I want to divide the following polynomial (in terms of $t$) with coefficients in terms of $\lambda$.

$$(\lambda^6 - 5\lambda^4 + 6\lambda^2 - 1)t^5 + (\lambda^5 - 4\lambda^3 + 3\lambda^2)t^6$$

by $$ \lambda t^2 -\lambda^2 t + \lambda$$

The resulting quotient will include a fractional component (the numerator's degree will be strictly less than the denominator's degree).

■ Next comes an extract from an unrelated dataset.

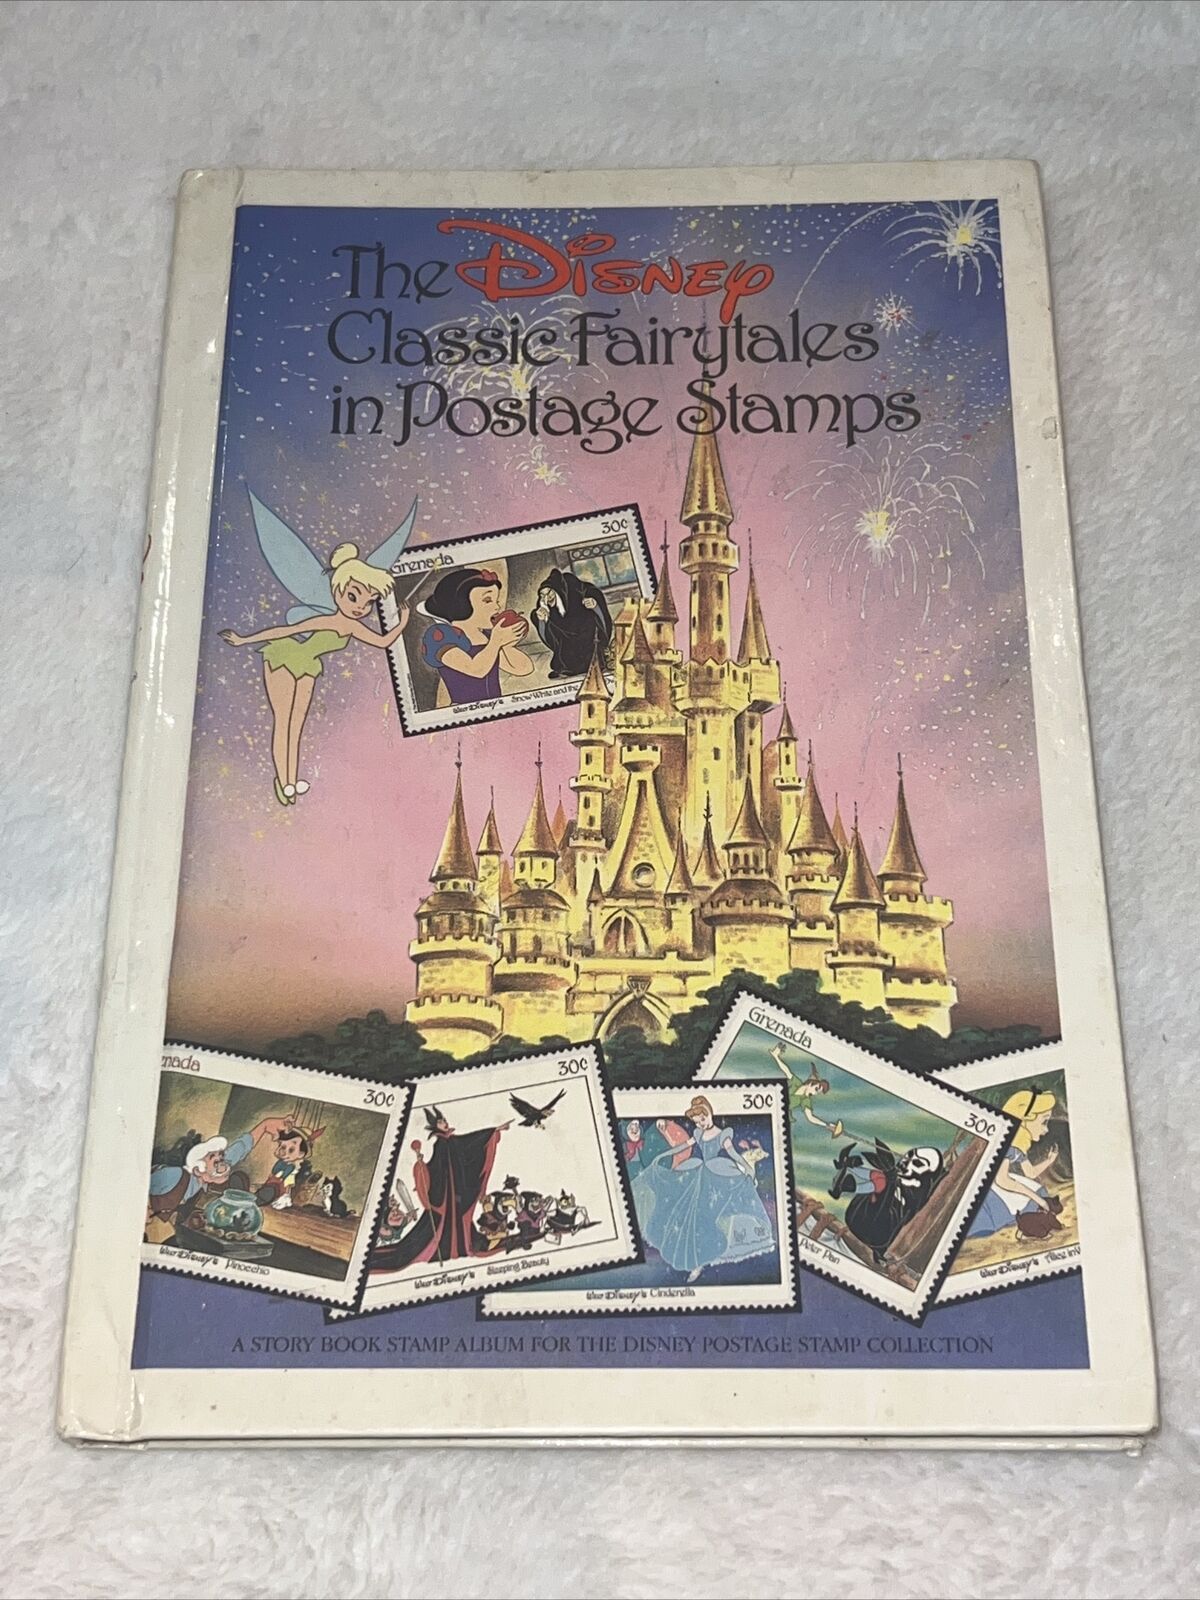 vintage The Disney Classic Fairytales in Postage Stamps album for collecting FD2

This is what a quotient and remainder, added together, might look like:

$$ t(\frac{2\lambda^8 - 9 \lambda^6 + 2 \lambda^5 + 6 \lambda^4 - 4\lambda^2}{\lambda}) + t^3(\frac{2\lambda^6 - 9\lambda^4 + 3\lambda^3 + 6\lambda^2 -1 }{\lambda}) + \frac{t(\lambda^4 - 2\lambda) + (\lambda^3 - 4\lambda^2)}{\lambda t^2 - \lambda^2 t + \lambda}$$

I have tried the following thus far Any suggestions? The code below "does not work", because it outputs a quotient whose degree is greater than the degree of the dividend. Here $y$ takes the place of $\lambda$ and $x$ takes the place of $t$.

The quotient is: 

-2*x^8 - x^4*y^4 + 2.0*x^6 - 3.0*x^5 - 1.0*x^4 - (2*x^5 + x^3)*y^3 + (-2*x^6 + 2.0*x^4 - x^2)*y^2 + (-2*x^7 + 
4.0*x^5 + 1.0*x^3 - x)*y - 1
The remainder is: 

 -x^5 + (2*x^10 + 3.0*x^7 - 1.0*x^6 + 3.0*x^5 + 1.0*x^4 + x^2 + 1)*y

The code:

from sympy import Function, rsolve_poly, Symbol, rsolve, rsolve_hyper, oo
from sympy.abc import n

x = var('x')
y = var('y')
P.<x,y> = PolynomialRing(CC)
f = (y**5 - 4*y**3 + 3*y**2)*x**6 + (y**6 - 5*y**4 + 6*y**2 - 1)*x**5
g = y*x**2 - y**2*x + y

def division(dividend, divisor): 
    return (dividend._maxima_().divide(divisor).sage())

a = division(f,g)
print("The quotient is: \n")
print(a[0])
print("The remainder is: \n")
print(a[1])